Bir başka nikâh (şeklî de şuydu); On kadar erkek bir araya toplanır ve hepsi de bir kadının yanına girip onunla cinsî münasebette bulunurlardı. Kadın gebe kalıp çocuğunu doğurunca bir süre geçtikten sonra onlara (haber) gönderir (ve hepsini yanına çağırır)dı.
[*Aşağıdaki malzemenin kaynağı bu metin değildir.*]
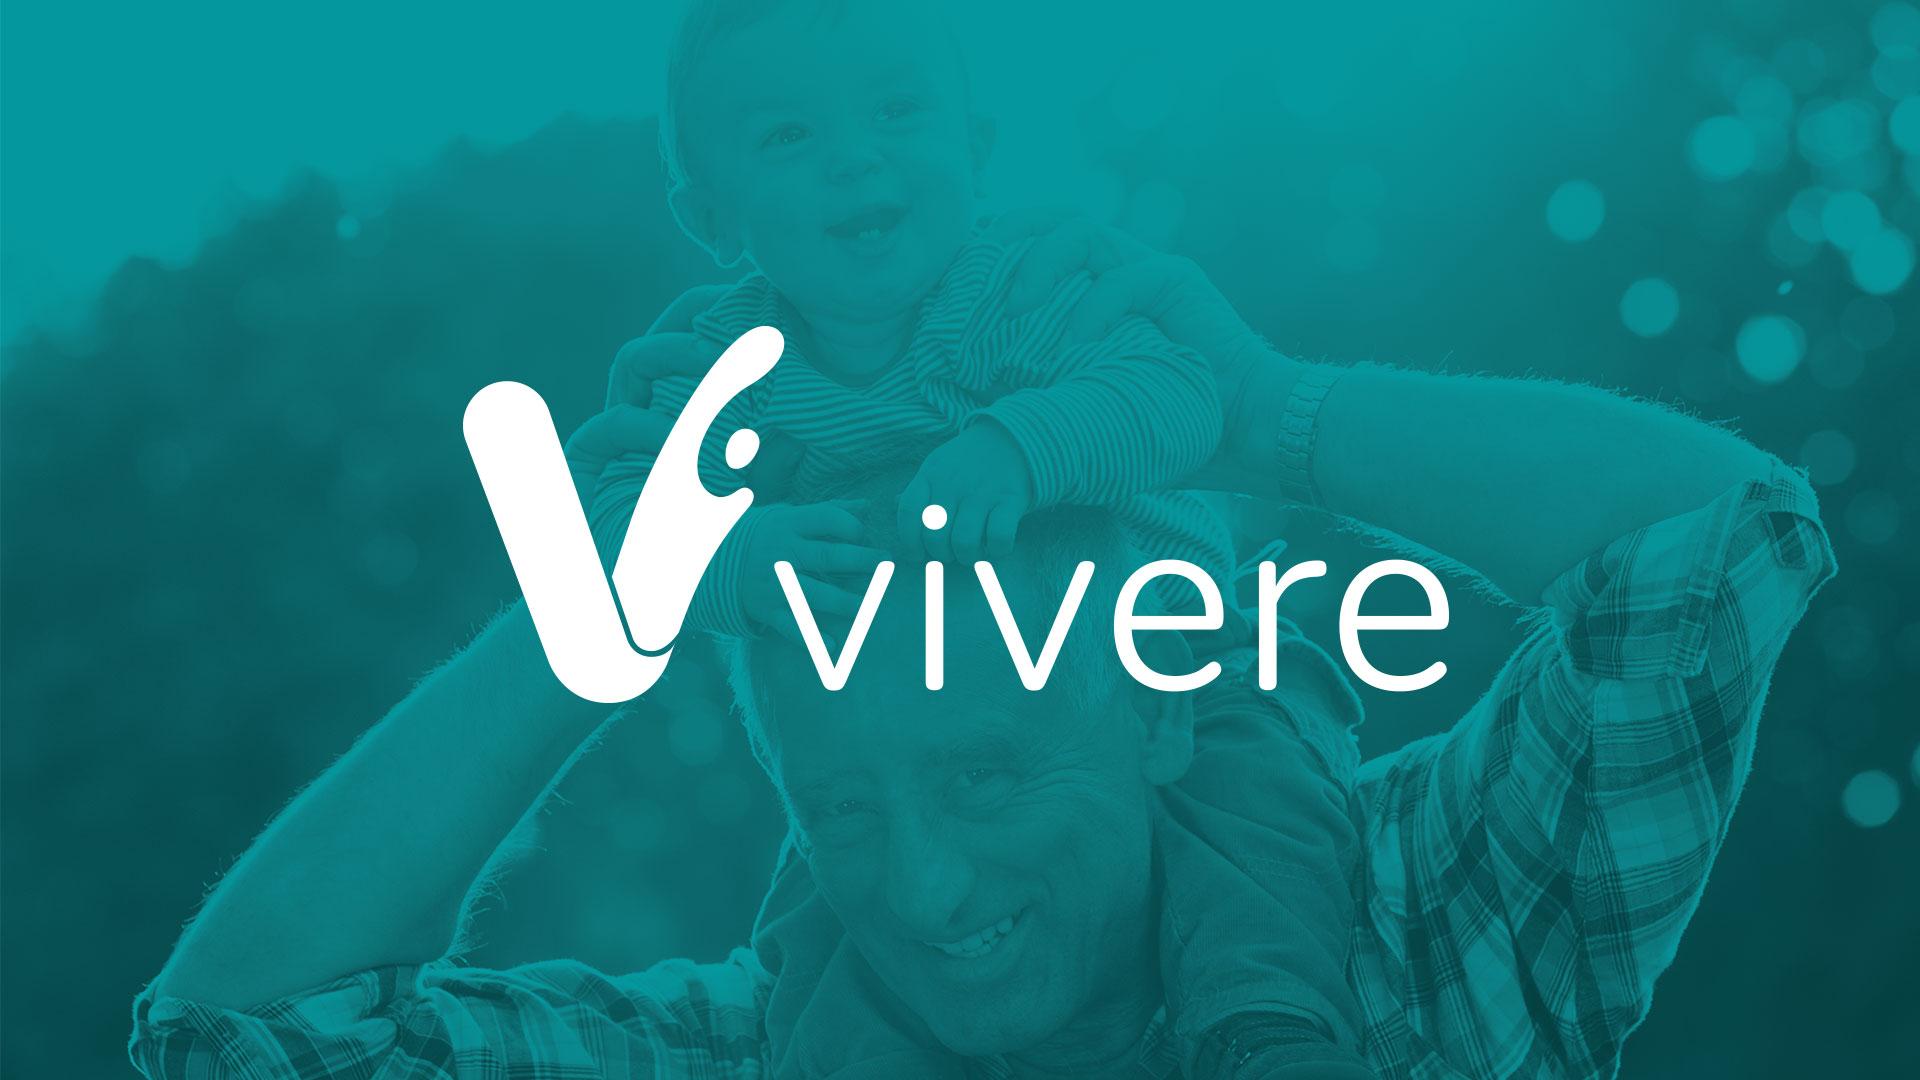 VIvere Logo, logo design manly. White version
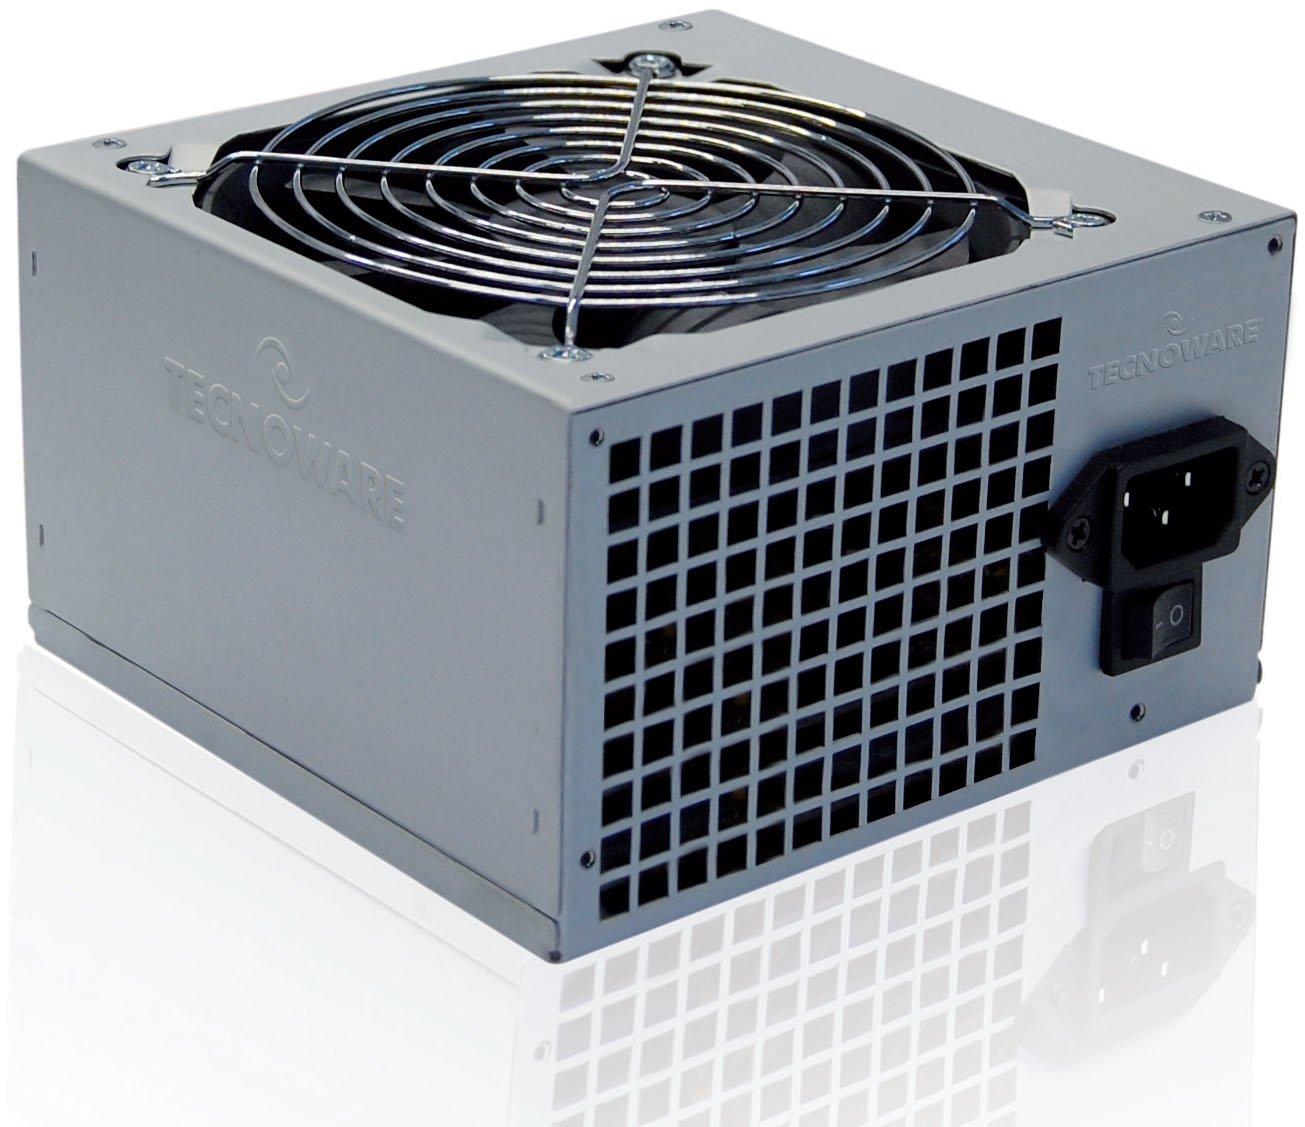 Tecnoware Free Silent Alimentatore per PC, 620 W, Grigio FAL625FS12 620W FreeSilent

Onlardan hiçbirisi onun davetine uymaktan kaçınamazdı. Hepsi de onun önünde toplanırdı. (Kadın) onlara (hitaben; aramızda) " olan işimizi biliyorsunuz. Ben bir çocuk dünyaya getirdim" (der) ve " bu çocuk senindir ey falanca!" diyerek onlardan hoşuna giden birini ismiyle çağırır ve çocuğu ona ilhak ederdi.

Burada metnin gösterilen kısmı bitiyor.